"The Christmas Waltz" is a Christmas song written by Sammy Cahn and Jule Styne for Frank Sinatra, who recorded it in 1954 as the B-side of a new recording of "White Christmas", in 1957 for his album A Jolly Christmas from Frank Sinatra, and in 1968 for The Sinatra Family Wish You a Merry Christmas.

Cahn recalls, "One day during a very hot spell in Los Angeles the phone rang and it was Jule Styne to say, 'Frank wants a Christmas song.'" Cahn resisted. "Jule, we're not going to write any Christmas song. After Irving Berlin's 'White Christmas'? The idea's just ridiculous." Styne was emphatic, however. "'Frank wants a Christmas song.'"

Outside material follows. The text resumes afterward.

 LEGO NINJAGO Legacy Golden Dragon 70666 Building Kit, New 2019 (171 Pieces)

The two met in Styne's apartment to begin work on the project, and Cahn asked the composer, "'Hey, Jule, has there ever been a Christmas waltz?' He said no. I said, 'Play that waltz of yours.' He did so," and Cahn began work on the lyrics of "The Christmas Waltz", which many other artists have also recorded.

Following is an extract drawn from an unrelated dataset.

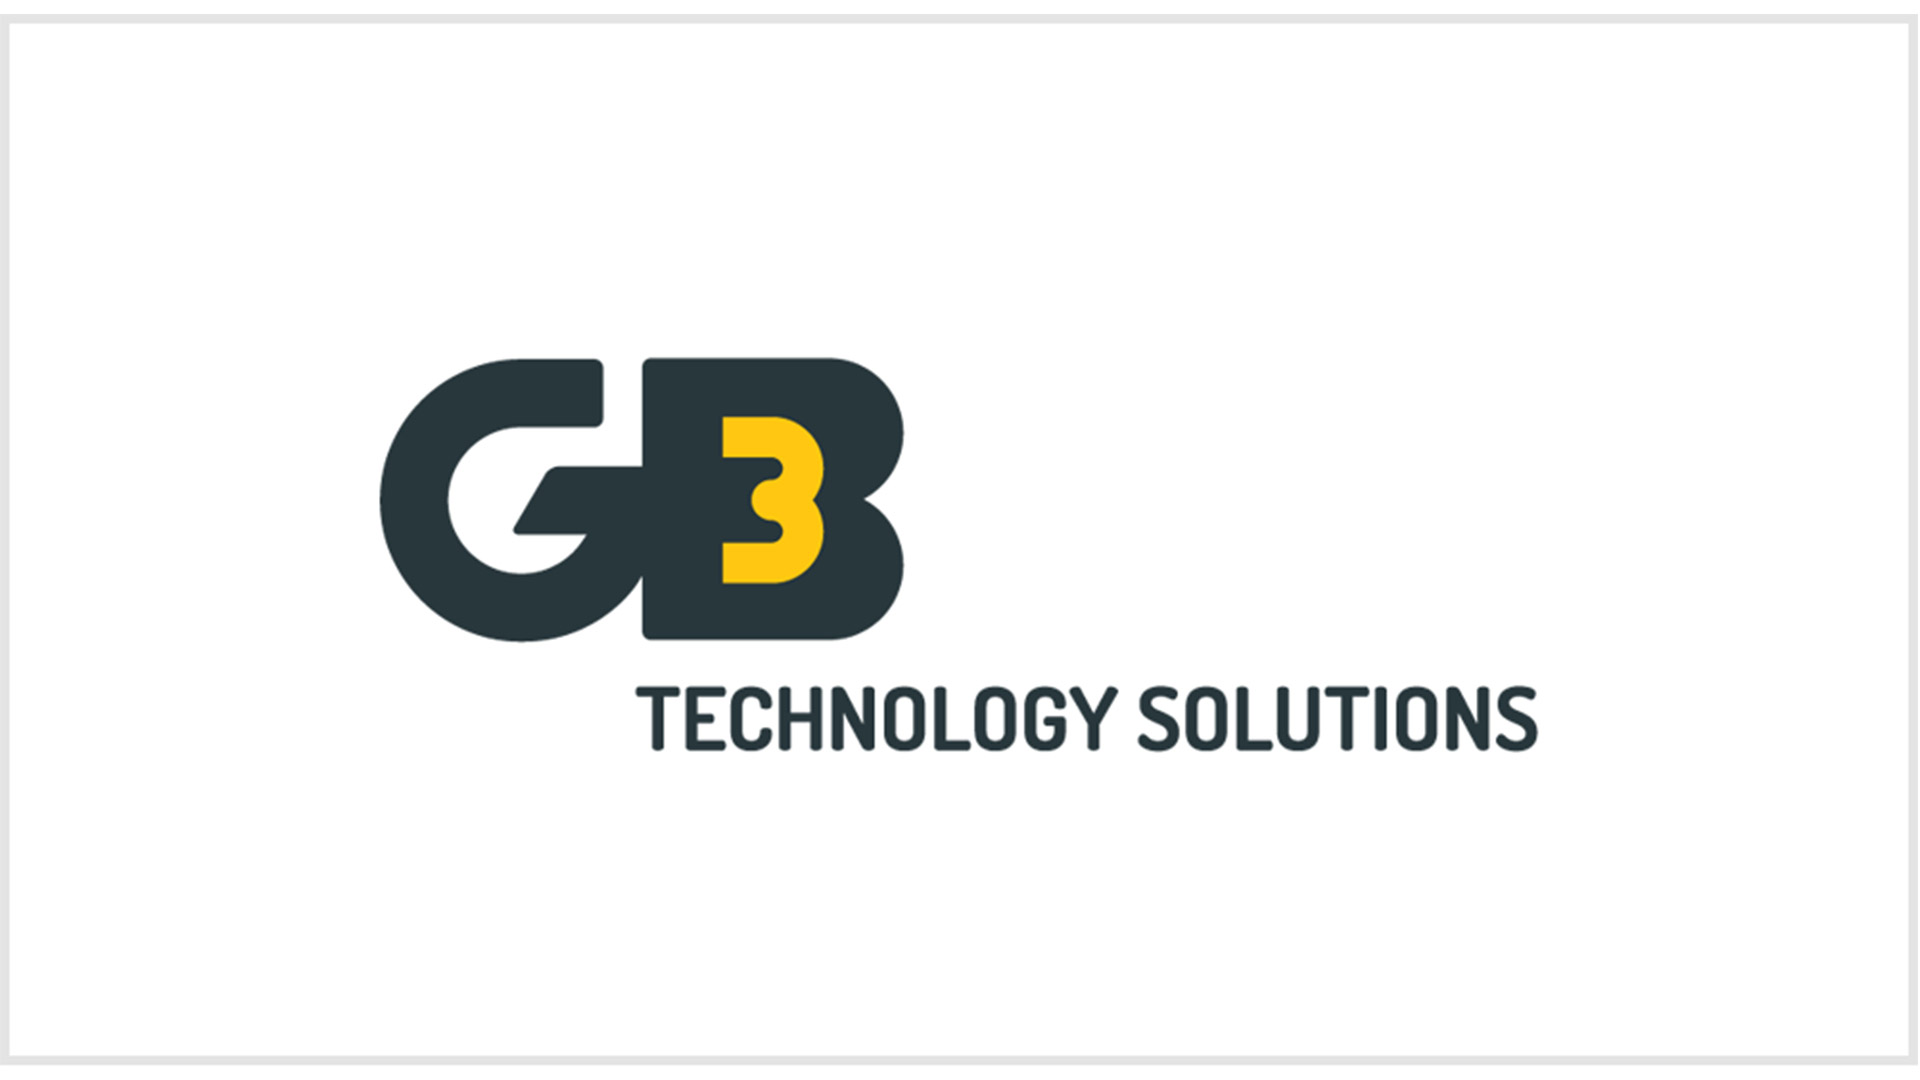 GB3 business logo

Referring to the line that goes, "And this song of mine, in three-quarter time," Cahn writes, "You'll notice there's an impure rhyme in that lyric, 'mine' and 'time'." He notes that another of his collaborators, Jimmy Van Heusen, would not have let him get away with such an imperfection but that Styne was not quite so rigid.

For what would become the B-side of "White Christmas", Sinatra first recorded "The Christmas Waltz" with a chorus as well as an arrangement by Nelson Riddle on August 23, 1954. On July 16, 1957, Gordon Jenkins took over the arranging, and The Ralph Brewster Singers provided backing vocal on the recording for A Jolly Christmas from Frank Sinatra. On August 12, 1968, Riddle again provided arrangements, but it was The Jimmy Joyce Singers who lent their voices to the recording for The Sinatra Family Wish You a Merry Christmas.

In 1992, Mel Tormé made a recording of the song for his first-ever Christmas album, for which the liner notes indicate that "Mr. Cahn wrote a new full set of additional lyrics as a personal gift to Mel."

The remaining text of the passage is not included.